Dataset extract =
····················
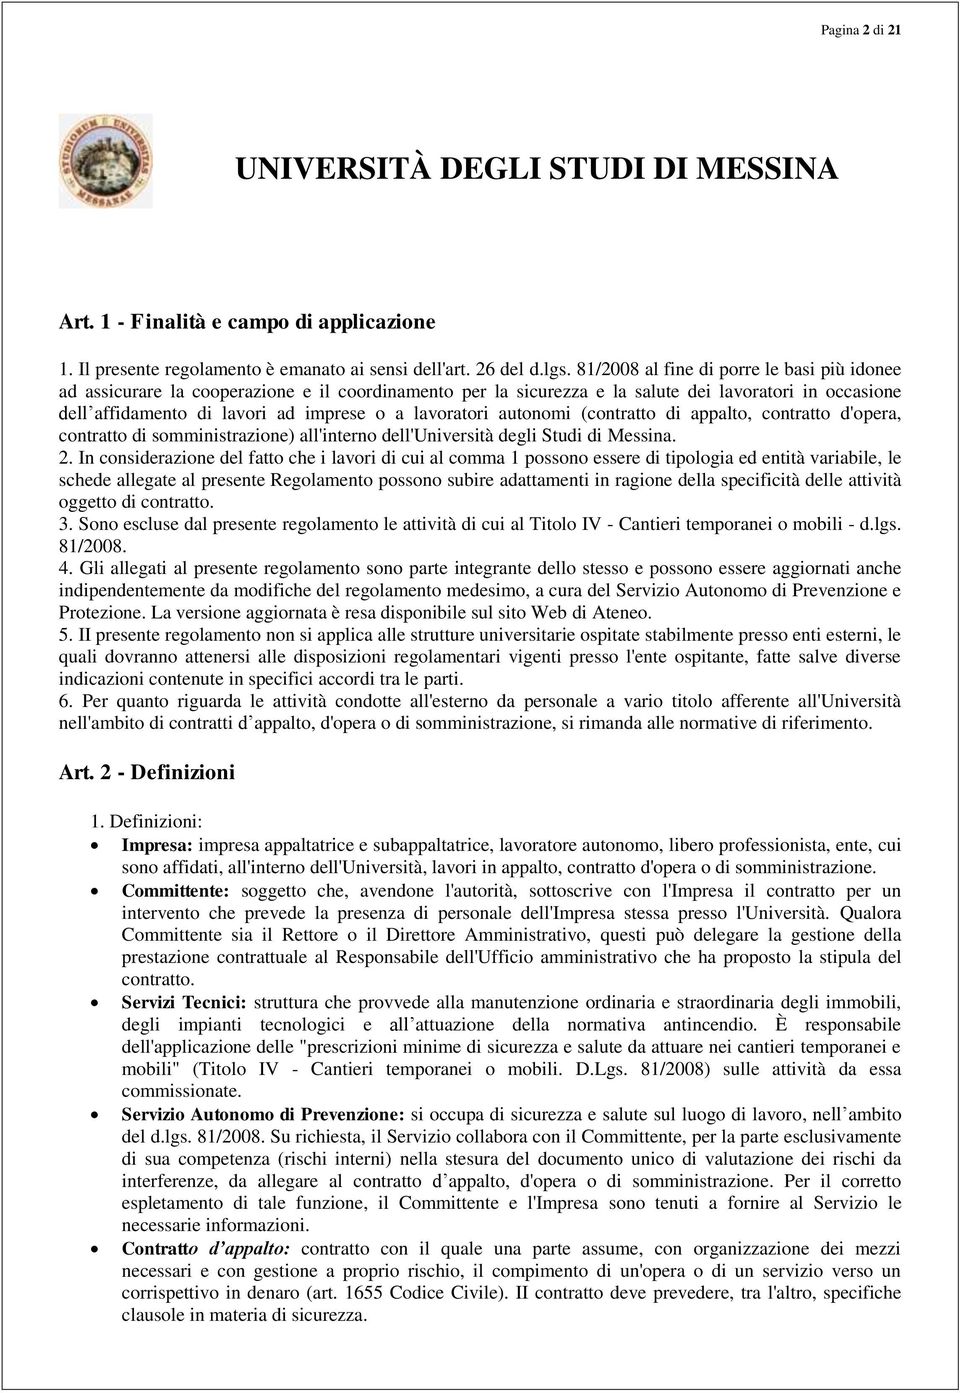 lavoratori autonomi (contratto di appalto, contratto d'opera, contratto di somministrazione) all'interno dell'università degli Studi di Messina. 2.
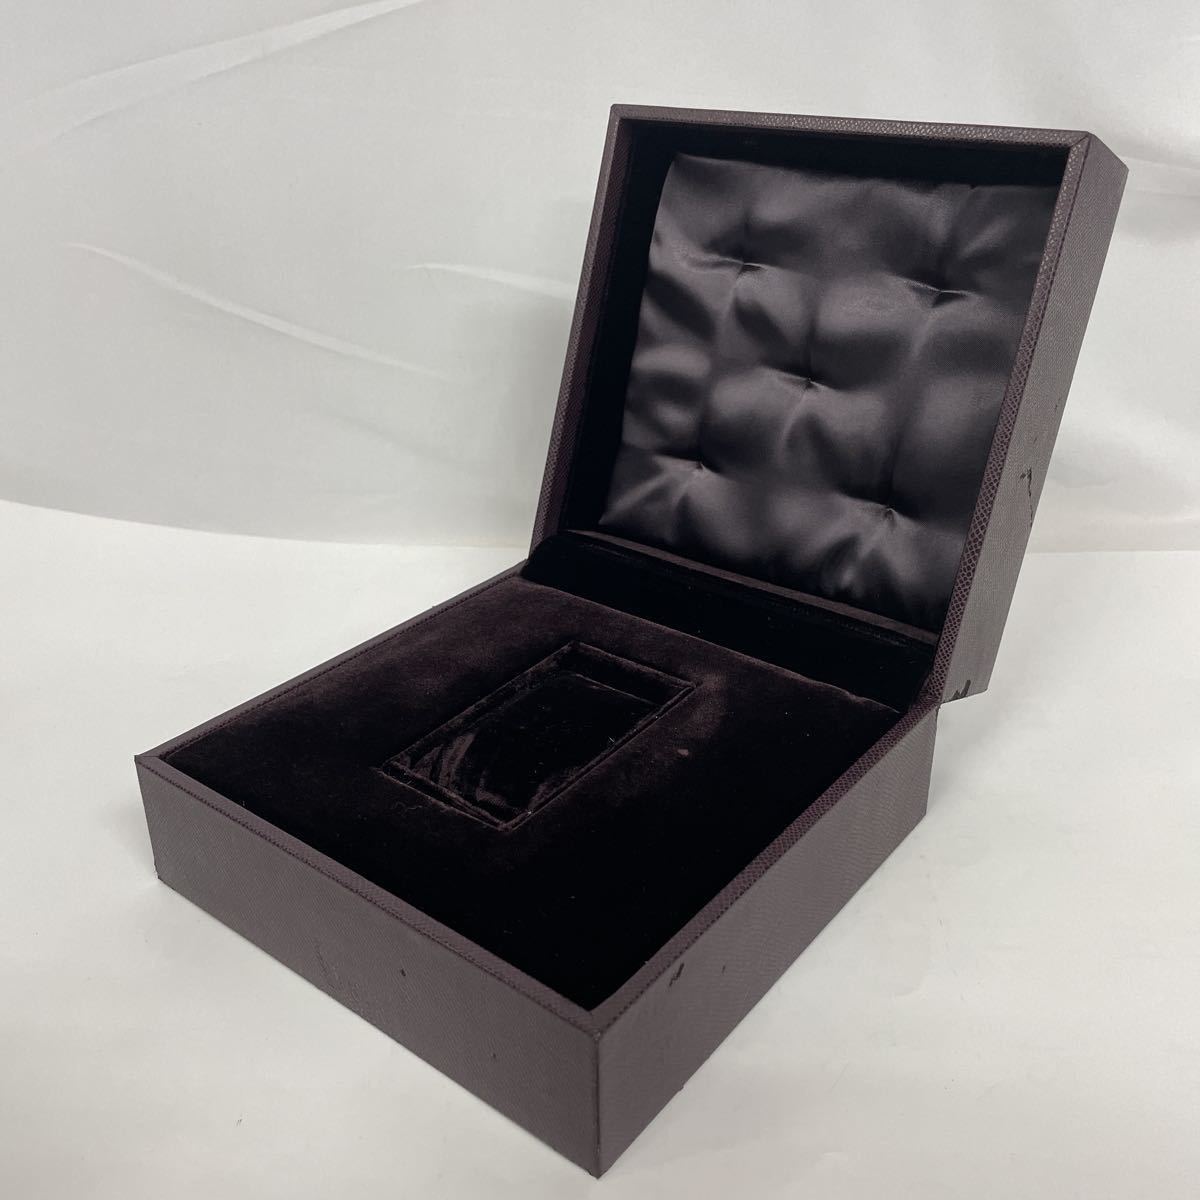  Boucheron кейс для часов часы место хранения комплект BOUCHERON несессер box пустой коробка 
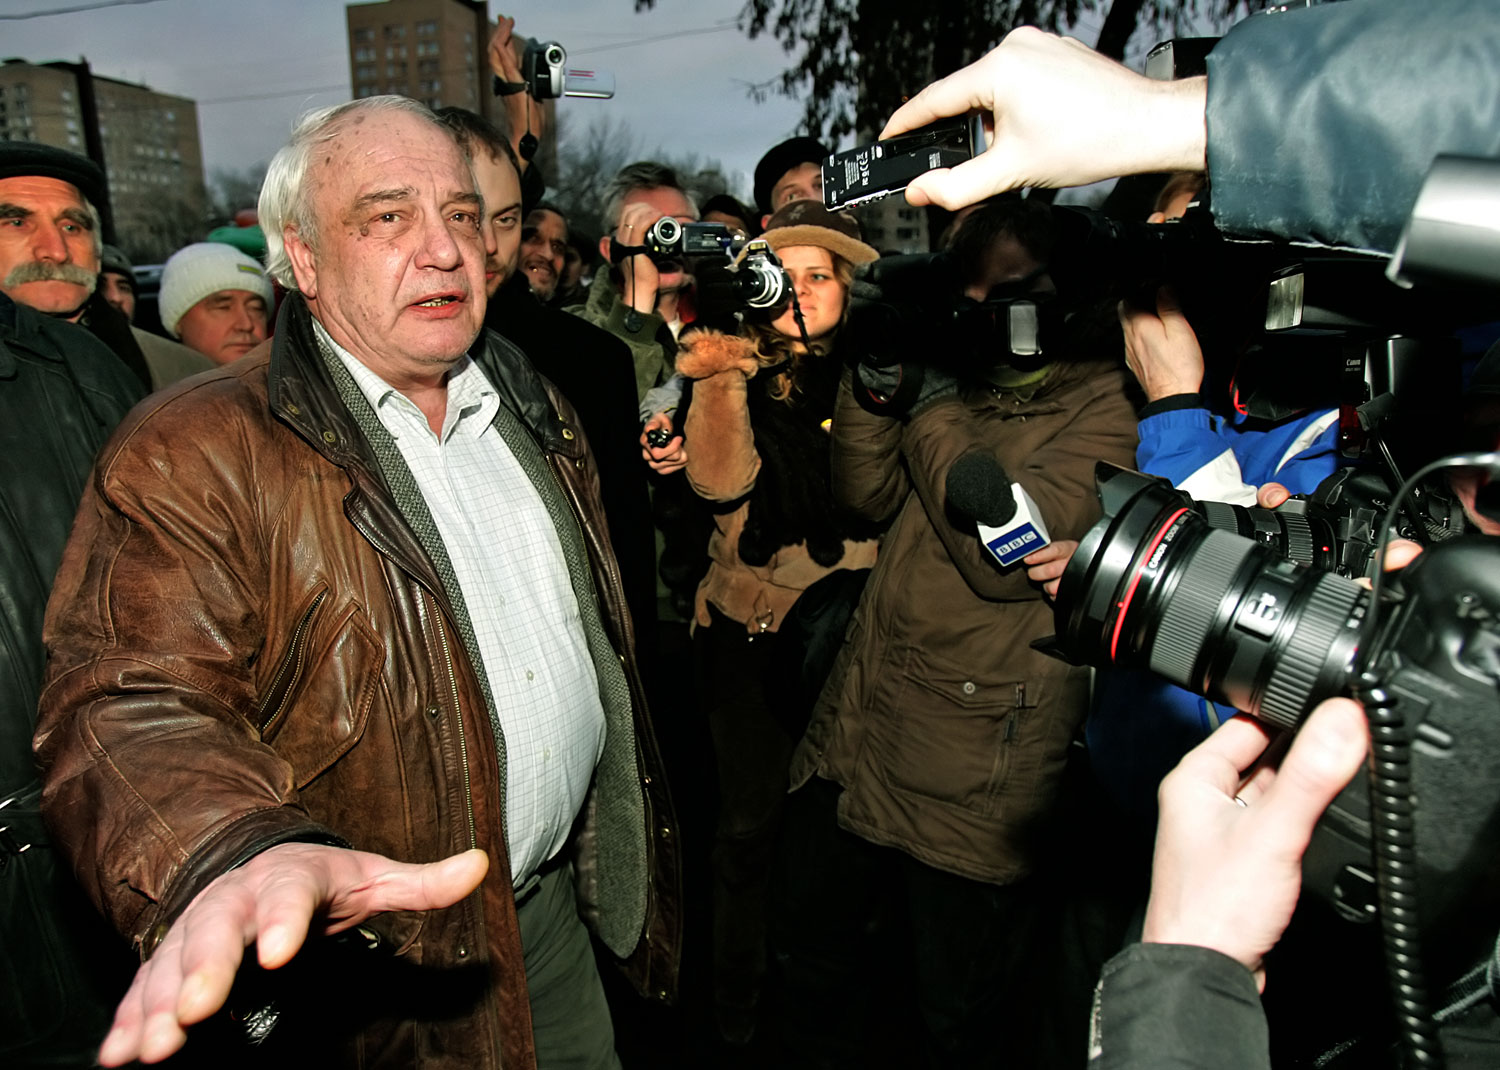 Bukovszkij Moszkvában a titkosszolgálatot vádolja azzal, hogy meg akarja akadályozni az indulását az elnökségért
····················
Brief =
Reproduce the whole listing above word for word, but not its pictures.

Written solution =
 lavoratori autonomi (contratto di appalto, contratto d'opera, contratto di somministrazione) all'interno dell'università degli Studi di Messina. 2.
  Boucheron кейс для часов часы место хранения комплект BOUCHERON несессер box пустой коробка 
 Bukovszkij Moszkvában a titkosszolgálatot vádolja azzal, hogy meg akarja akadályozni az indulását az elnökségért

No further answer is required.